Zhalgas Zhumagulov,0,0,0,0,0,0,0,0,0,0,...,0,0,0,0,0,0,0,0,0,0
Zhang Lipeng,0,0,0,0,0,0,0,0,0,0,...,0,0,0,0,0,0,0,0,0,0
Zhang Tiequan,0,0,0,0,0,0,0,0,0,0,...,0,0,0,0,0,0,0,0,0,0
Zhang Weili,0,0,0,0,0,0,0,0,0,0,...,0,0,0,0,0,0,0,0,0,0


Note that the matrix is very sparse since there are >2000 rows and columns, and only approx. 5000 fights. 

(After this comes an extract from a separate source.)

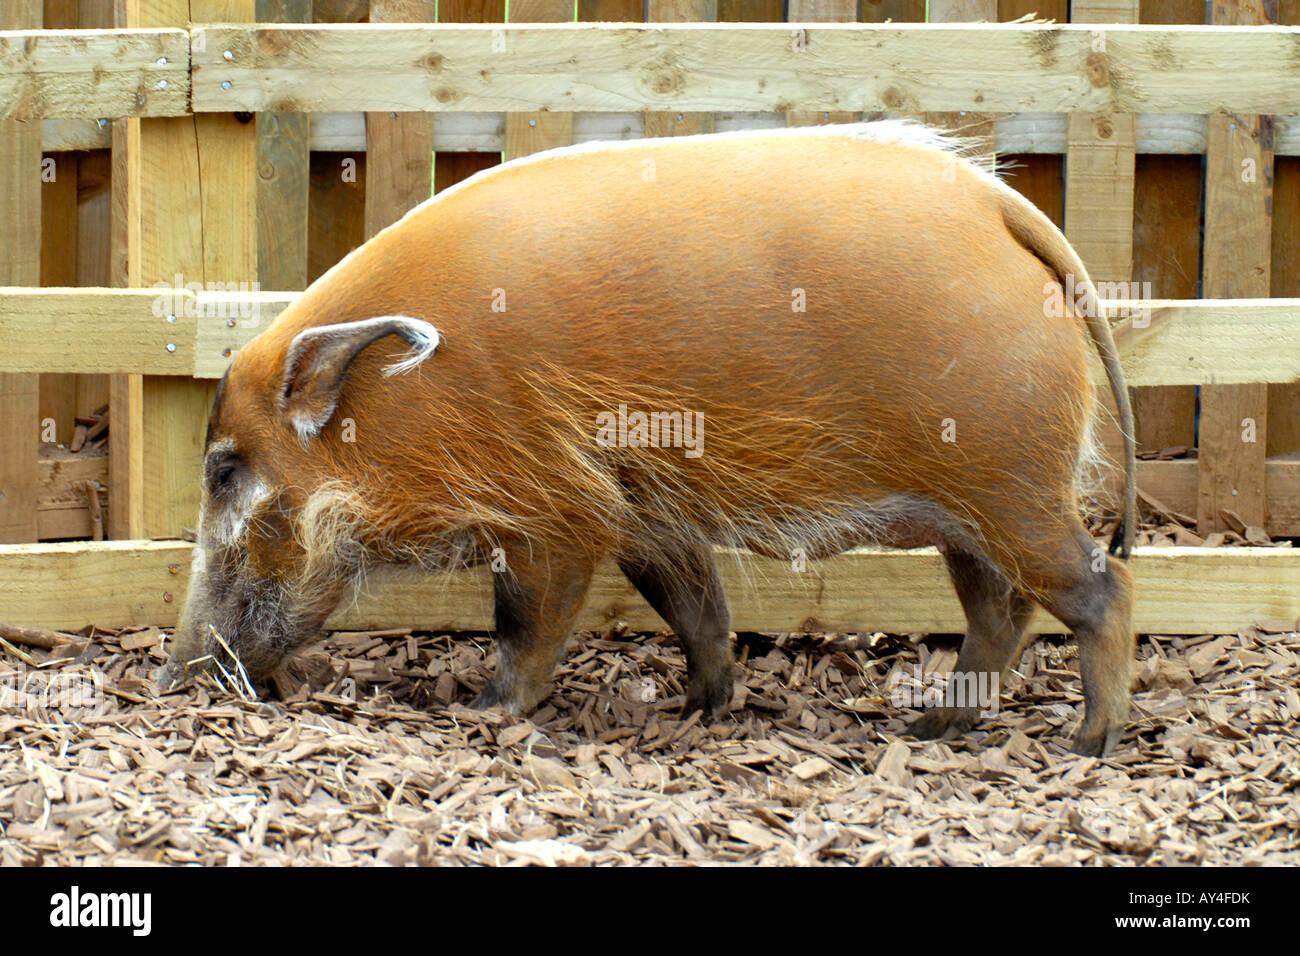 woburn safari park , exotic hairy pig stock photo: 16989774 - alamy

### Create the adjacency matrix for the un-directed graph

To create this adjacency matrix, we just have to mirror the directed adjacency matrix about its diagonal, which can be achieved by adding its transpose to itself.

In [26]:
M_undirected = M + M.T

### Find number of cycles/triangles

To do this, we just have to compute $M^{3}$ (for both matrices) and sum the diagonals

First, the directed matrix

In [29]:
M_3 = np.linalg.matrix_power(M, 3)
M_3_diag = np.diagonal(M_3)
print(M_3_diag)

[0 0 0 ... 0 1 0]


In [33]:
M_triangles = sum(M_3_diag[M_3_diag>0])
M_triangles

1053

So the variable $undirectedcycles$ = $1053$

Now for the undirected matrix

In [35]:
M_undirected_3 = np.linalg.matrix_power(M_undirected, 3)
M_undirected_3_diag = np.diagonal(M_undirected_3)
print(M_undirected_3_diag)

[ 0  0  0 ...  0 16  2]


In [36]:
M_undirected_triangles = sum(M_undirected_3_diag[M_undirected_3_diag>0])
M_undirected_triangles

13086

So the variable $directedcycles$ = $13086$

Before we find the final answer, we must note that for every undirected cycle, the algorithm will have recorded six. Two for each node in a cycle due to the possibility of the clockwise and counter-clockwise cycle.
\
For the undirected case, it will have recorded the same cycle 3 times. One for each node, but since there is the direction constraint, the cycle can only be in one direction.
\
We will factor this out in the final equation.

In [38]:
percent_transitive = ((M_undirected_triangles/6) -(M_triangles/3))/((M_undirected_triangles/6))*100
print(percent_transitive)

83.90646492434664


The results show that approximately 84% of three fight sequences display the transitive property.